Leio nos jornais, Kathlen, que tua mãe, a sra. Jackeline, hoje emocionalmente arrasada, te dizia: “a gente é negro, mora em favela, não pode dar mole. Temos que ser alguma coisa”. Ela está certa, e você tornou-se designer de interiores. Trabalhava, vivia alegre os seus 24 anos de idade. Casou. Engravidou. Que tristeza, amiga, teu feto de quatro meses ter partido com você, assassinado pela mesma bala perdida. Pois é, amiga minha, eu acho uma afronta essa expressão bala perdida. Não existe isso.
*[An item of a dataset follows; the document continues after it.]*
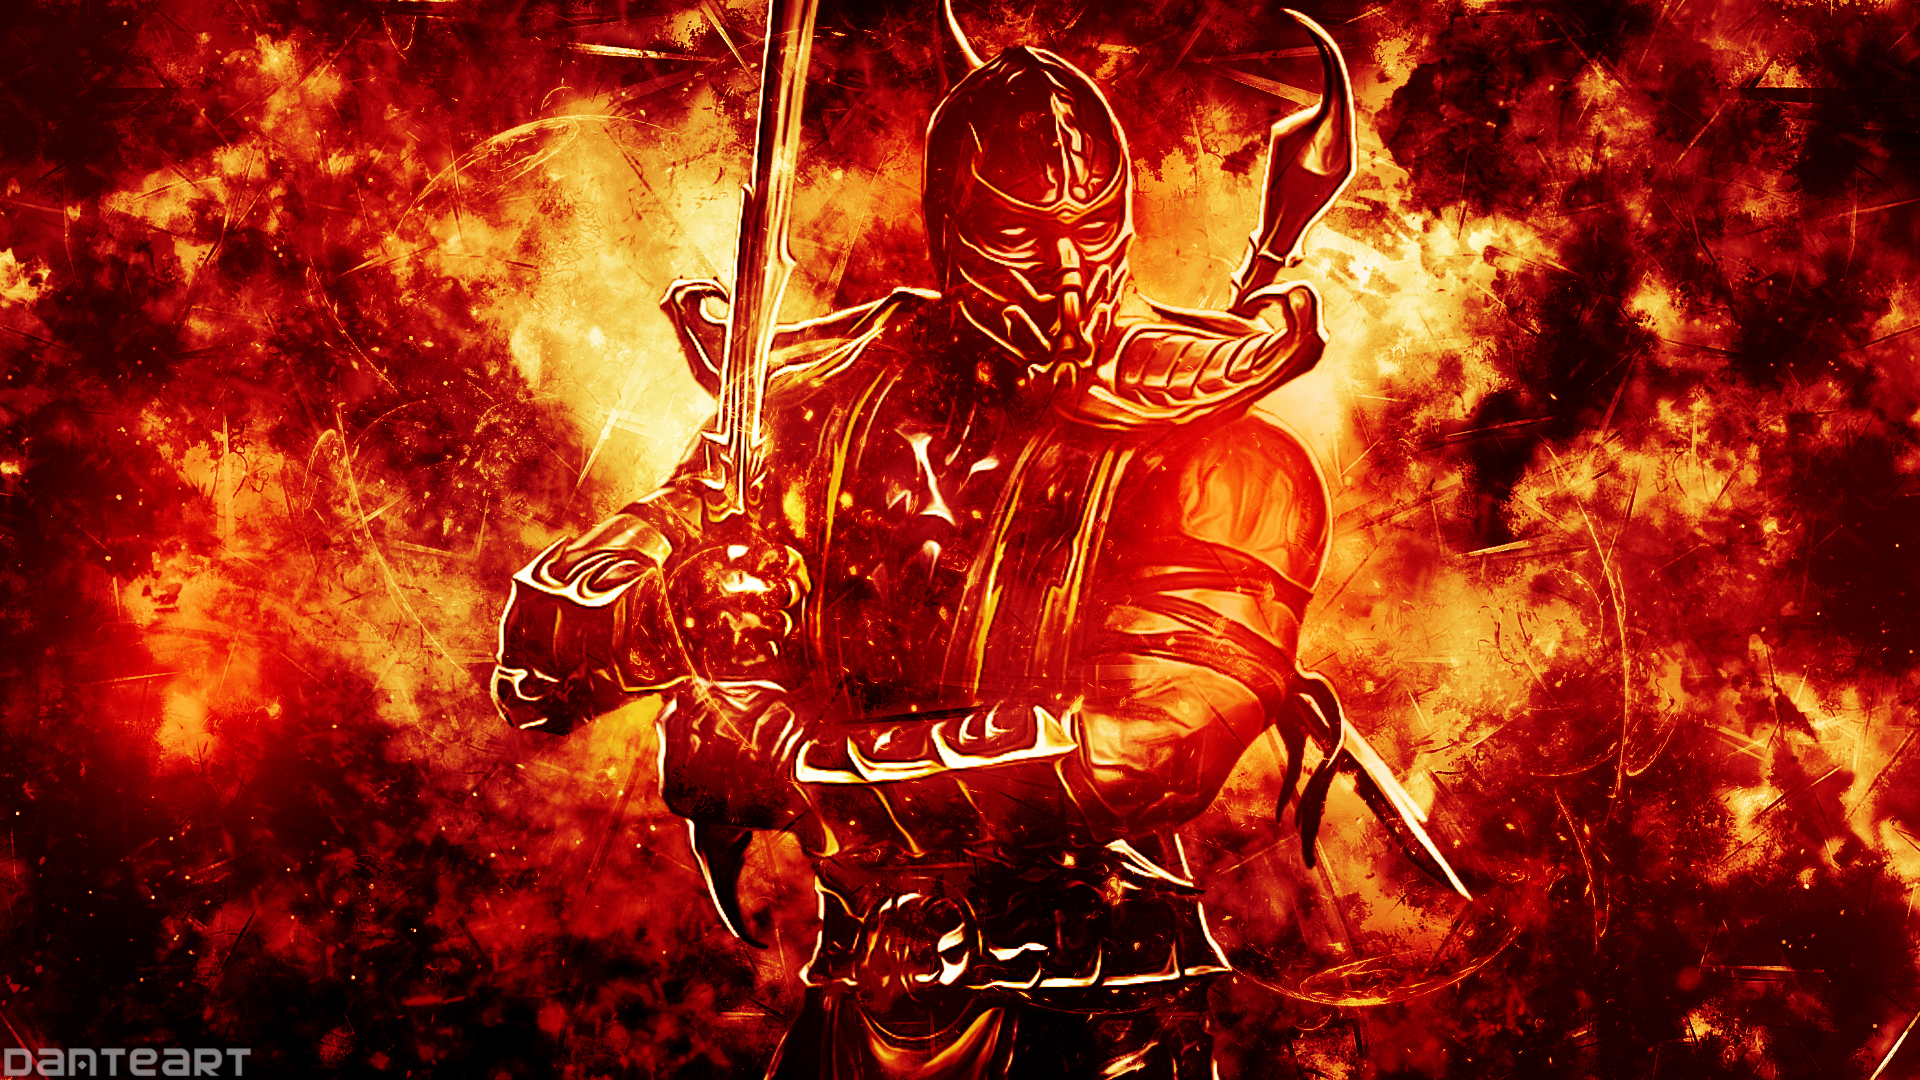 Mortal Kombat Scorpion Wallpaper By Danteartwallpaper On

O que há é um Estado perdido: omisso, inoperante, incompetente que nada faz para colocar fim a essa guerra no Rio de Janeiro. Inocentes como você e teu feto pagam com a vida a mandriice de autoridades.
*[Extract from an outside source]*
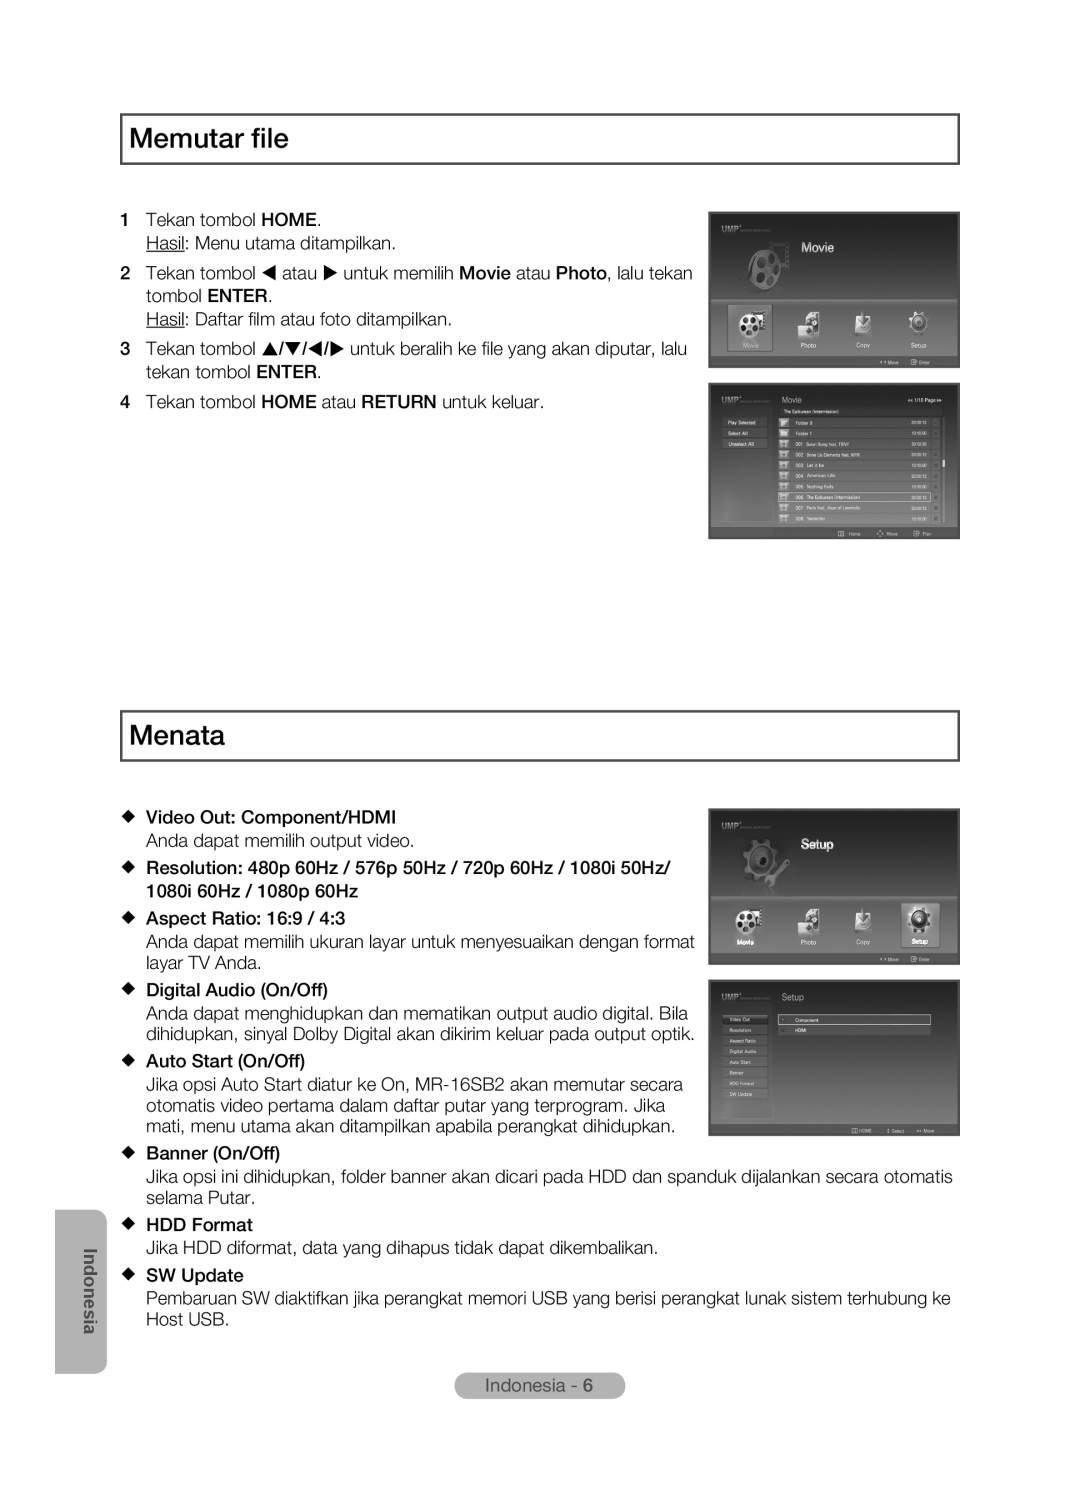 Samsung MR-16SB2 manual Memutar file, Menata, Indonesia

Tirante a tua família, Kathlen, teus amigos, amigas, vizinhos e ativistas do Complexo de Lins, onde você morava, quem de fato se importa com a tua morte? Claro, também se revoltam entidades de direitos humanos, boa parte da mídia, artistas, intelectuais e estudantes. A OAB veio a público falar que adulteraram o local em que você foi alcançada pela bala perdida. E eu, amiga, também me importo muito com tua morte. Mas vamos deixar claro: as autoridades que podem interromper o ciclo de tantas grávidas baleadas no Rio de Janeiro (oito e cinco anos) não se importam, não. Nada fazem. E acho ridículas as investigações, nunca dão em nada, pergunta para a nossa querida Marielle, até hoje não descobriram quem mandou executá-la. E, bala perdida ou não, alguns policiais vão atirando cada vez mais. Claro que eles têm de combater traficantes, mas é necessário fazê-lo sem colocar a vida de inocentes em risco, sem atirar a esmo. Mas alguns agentes querem matar traficantes de qualquer forma para abrir mais espaço aos milicianos. Se morrer inocente, morreu.

As chamadas autoridades estão no alto da pirâmide social, nós nos amontoamos cá na base. O que a gente precisa aprender é que, chacoalhando a base, os inoperantes e incompetentes e cruéis que estão lá no topo despencam.

Há também aqueles vampiros sociais que brindam com taças de sangue os assassinatos de pretas e pretos. Precisam ser presos.

É preciso colocar fim em tudo isso. Por favor, Kathlen, ajuda a gente! Ajuda a gente na luta pela igualdade racial e pelo fim dos preconceitos.

E se alguém perguntar porque ficamos amigos, vou responder, adaptando Montaigne e me remetendo a Chico Buarque: “porque era ela, porque era eu”.